The reason why some refugees died

NOT JUST REFUGEES BUT ALL ARE WELCOME 
Austrian police opened the back of a truck abandoned on the side of a motorway to find the bodies of 71 migrants. They had suffocated after paying smugglers to transport them across the border from neighbouring Hungary. Despite having made it into the EU’s passport-free Schengen zone, they still felt the need to travel clandestinely to avoid being fingerprinted and registered for asylum in Hungary, which would have offered them few opportunities to work or integrate.
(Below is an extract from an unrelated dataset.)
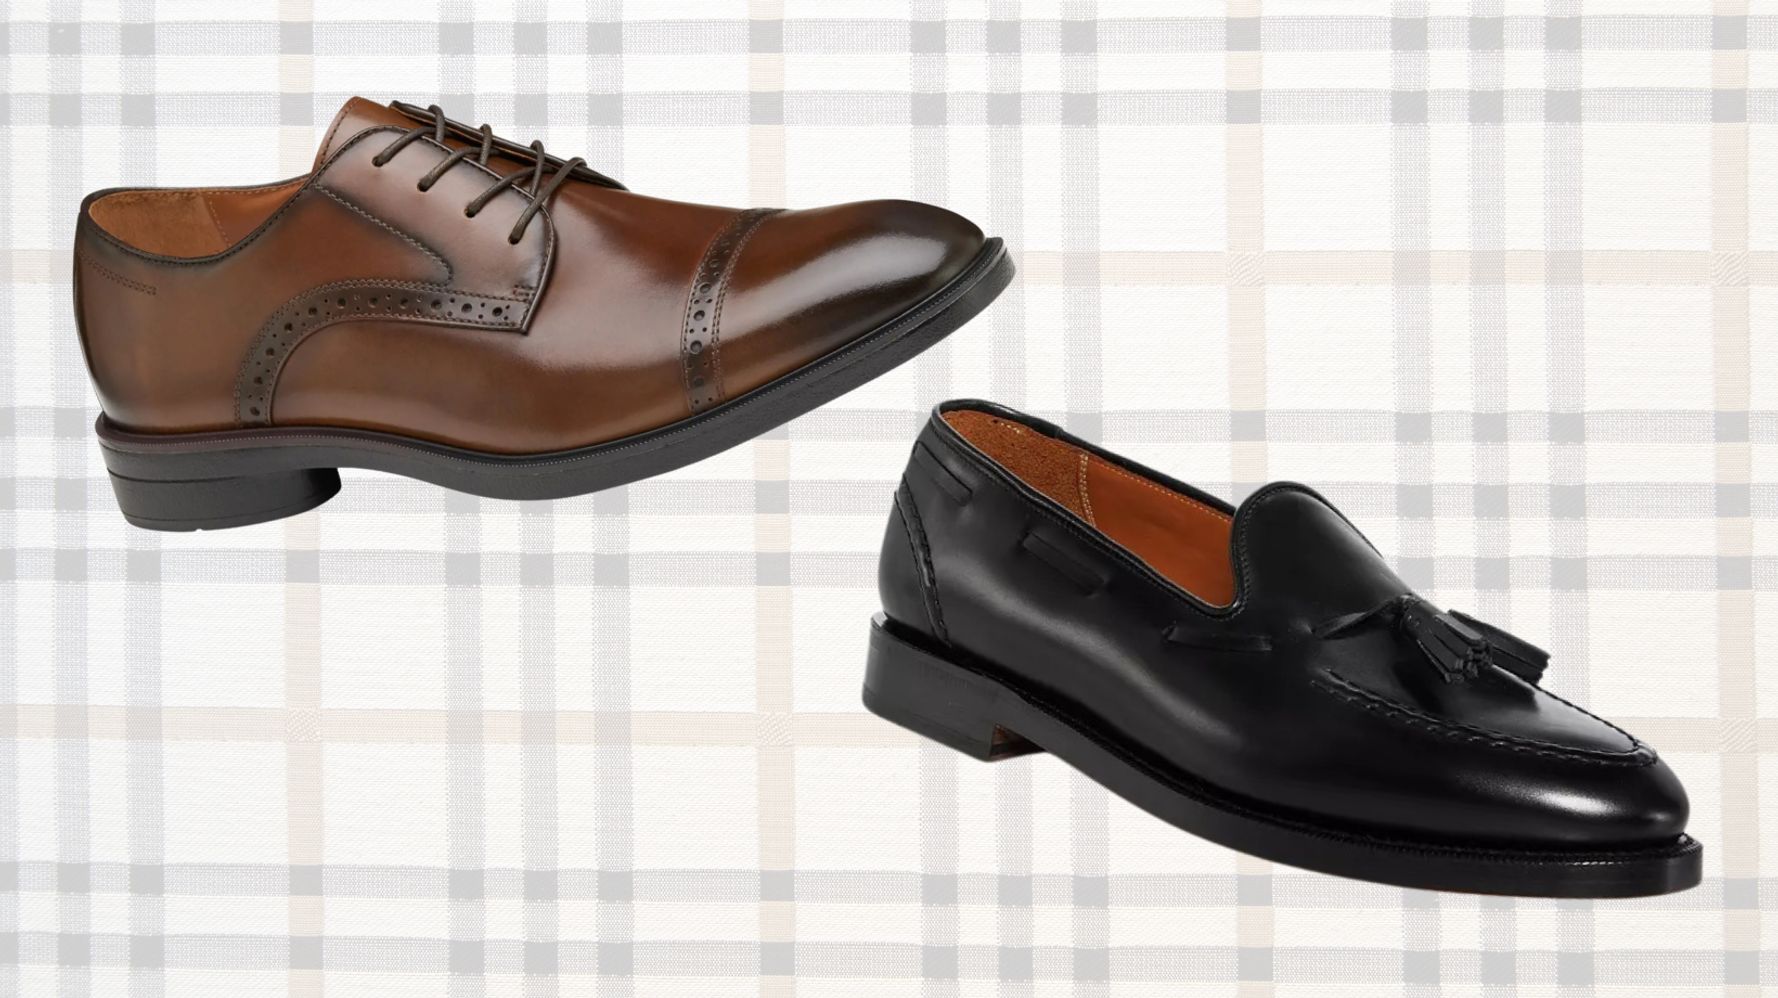 Magnanni Shoe Perfect for Weddings on Sale at Nordstrom Rack - Men's Journal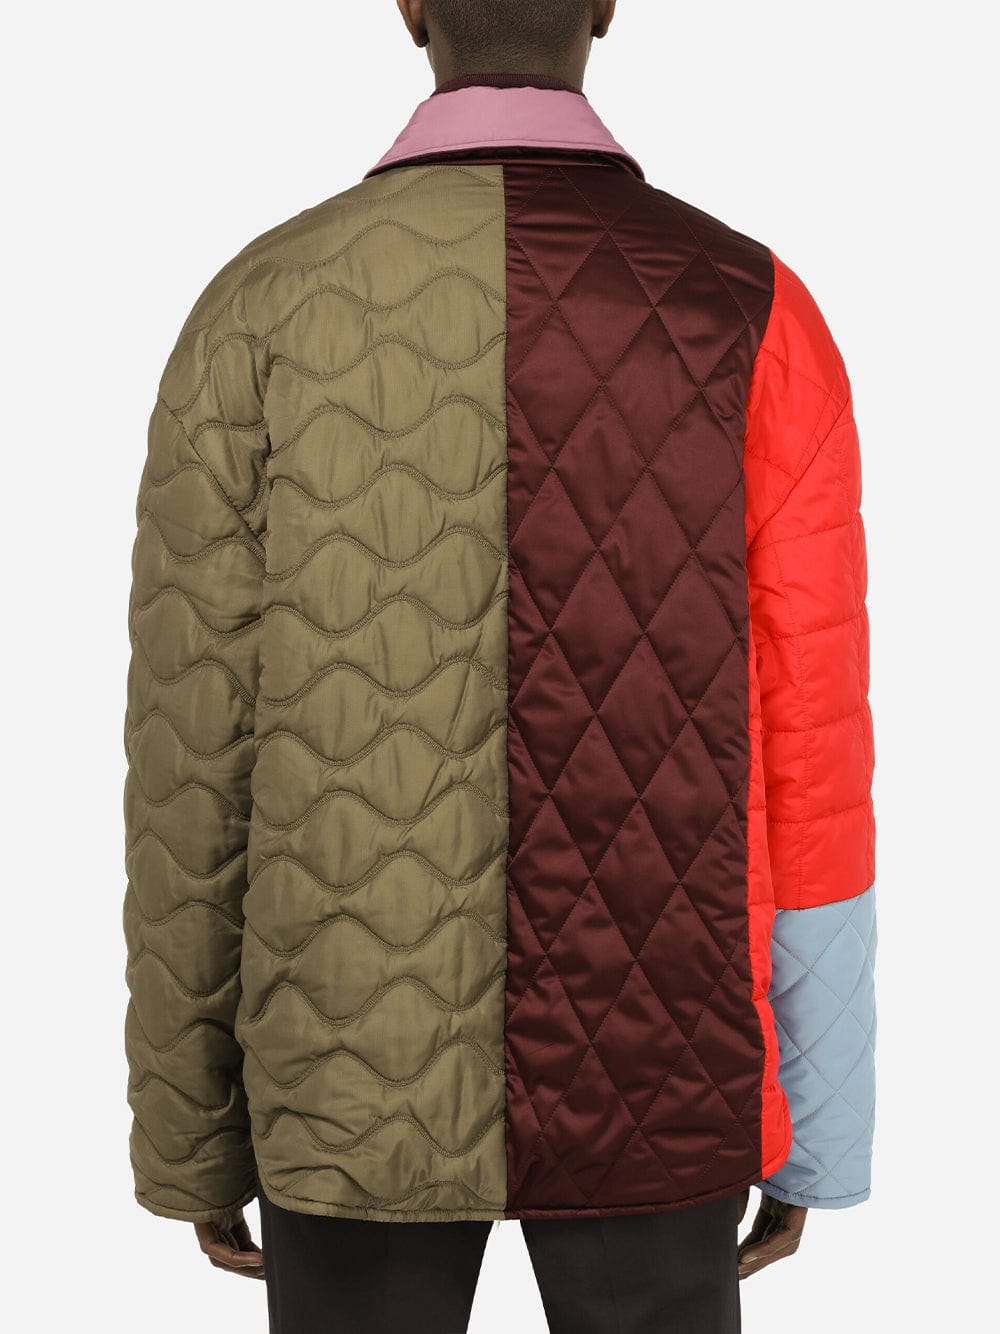 Dolce & Gabbana Reversible Quilted Nylon Jacket With Plate

“This tragedy comes as a cruel reminder that the Dublin Regulation results in death,” commented Hungarian NGO Migszol after the news broke. “What we need is a safe passage through our country, and for that, we need to fight the European legislation.”

Under the EU’s Dublin Regulation, asylum seekers registered and fingerprinted in one country, for example Hungary, can be returned there if they later try to register an asylum claim elsewhere, say in Germany or the UK. The rule was designed to determine which member state was responsible for processing an asylum claim and to deter people from registering multiple claims. In practice, northern EU states have used it to avoid processing claims for people already registered in another country - usually frontline states such as Italy, Greece and Hungary. As well as placing additional pressure on frontline states, it forces refugees to stay in a country where they may have no family connections, cannot speak the language, and struggle to support themselves.

Critics point out the rule places an unfair burden on frontline states such as Greece and Italy, which are already struggling to cope with thousands of new arrivals and deters such states from fingerprinting and registering. Italy in particular has been accused of failing to fingerprint a significant portion of the 170,000 migrants who arrived there by boat in 2014. For their part, asylum seekers intent on joining family members in Sweden or Holland, or on finding work in the UK, are extremely reluctant for their fingerprints to be loaded into Eurodac, an EU-wide fingerprint database.

Greg O’Ceallaigh, a London-based barrister who deals with Dublin removals of asylum seekers from the UK back to countries such as Italy, said that many asylum seekers were taking clandestine routes through Europe to evade detection until they reached a country where they had a family member or at least spoke the language. “We see people who have burned the skin off their fingertips in an effort to avoid being fingerprinted,” he told IRIN. “...There does need to be a more politically brave response to all of this; a proper pan-European asylum strategy.”